Solving Natural Logarithmic Equations

[Rossinole]

Homework Statement

Solve ln(2x+1)=2-ln(x) for x.

Homework Equations

The Attempt at a Solution

e^(ln(2x+1)) = e^((2-ln(x))

2x + 1 = e^(2/x)

2x^2 + x = e^2

2x^2+x-e^2 = 0

At this point, I know you're supposed to use the quadratic equation. But, my problem is with how to treat e^2. Should I multiply it out in the discriminant where c = e^2? or just e?

Thanks for any help.

 

[nicksauce]

e^2 is just a number... you can call it c if you like.

 

[mgb_phys]

You can either just calculate it out (it's only a number!) or include it in the quadratic formula and quote your answers in terms of e.
It depends wether this is for home work or real work!

 

[BrendanH]

There is an error in the second part

e^(ln(2x+1)) = e^((2-ln(x))

2x + 1 = e^(2/x)

These are NOT equivalent. Remember that you can only turn logarithmic expressions
into quotients of logarithms in a case like this: ln z - ln x = ln (z/x)

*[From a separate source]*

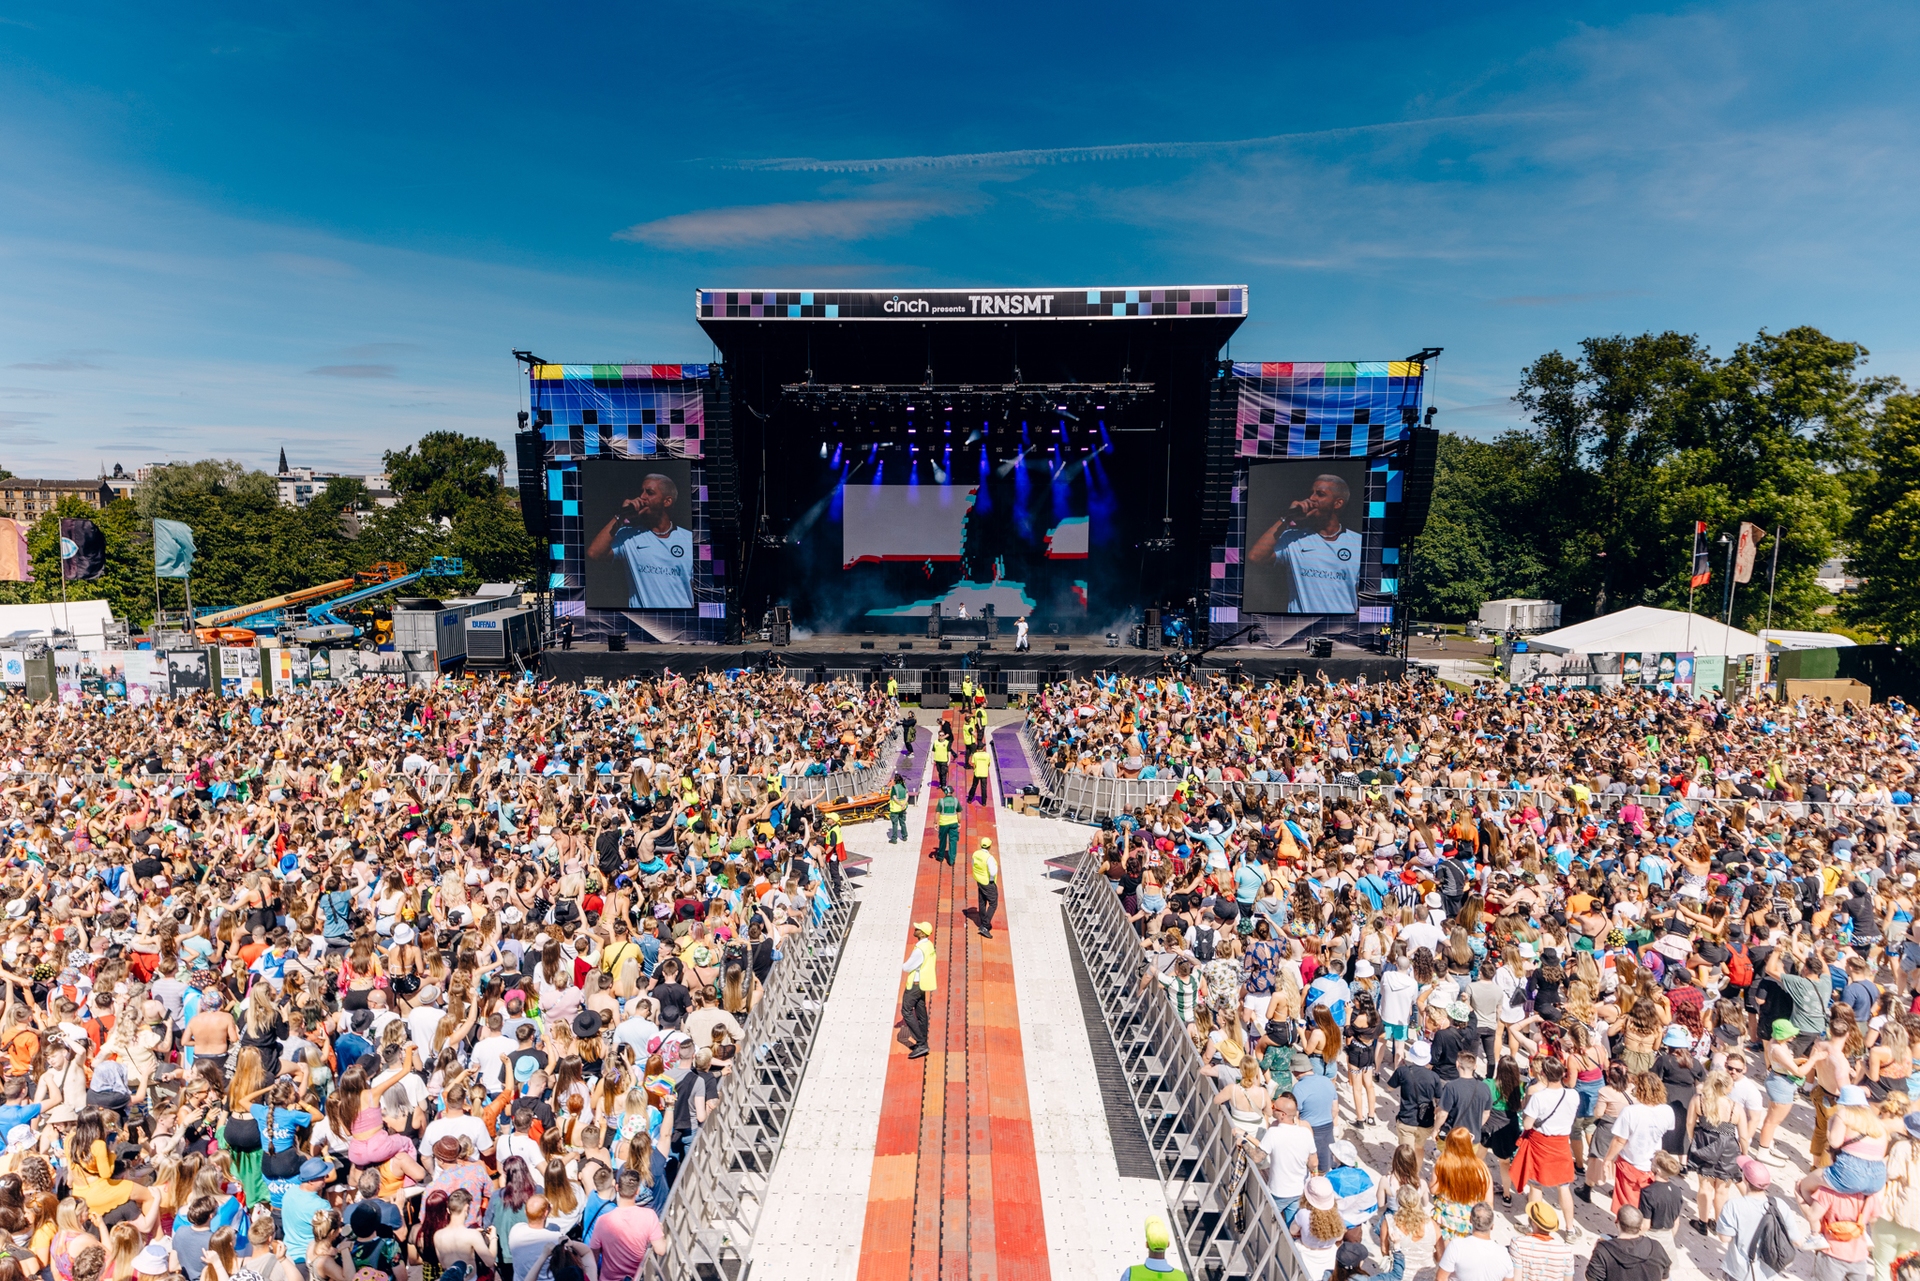 Example attracted a huge crowd, but some fans waited hours to get in after a queuing issue. (Image: TRNSMT)

Try again using that info.

 

[HallsofIvy]

There is an error in the second part

e^(ln(2x+1)) = e^((2-ln(x))

2x + 1 = e^(2/x)

These are NOT equivalent. Remember that you can only turn logarithmic expressions
into quotients of logarithms in a case like this: ln z - ln x = ln (z/x)

Try again using that info.

I suspect that was a typo because in the next line he has
2x^2+ x= e^2 which is correct.

Added Later: In fact, I would have been inclined to solve the problem as follows:
ln(2x+1)=2-ln(x) so, adding ln(x) to both sides, ln(2x+1)+ ln(x)= ln(x(2x+1))= 2.
Now take the exponetial of both sides: x(2x+1)= 2x²+ x= e² and you can solve that quadratic equation for x.

 

[Redbelly98]

BrendanH, Rossinole meant (e^2)/x, not e^(2/x). The next line in the derivation,
2x^2 + x = e^2
is correct.

edit added:
Halls beat me to it.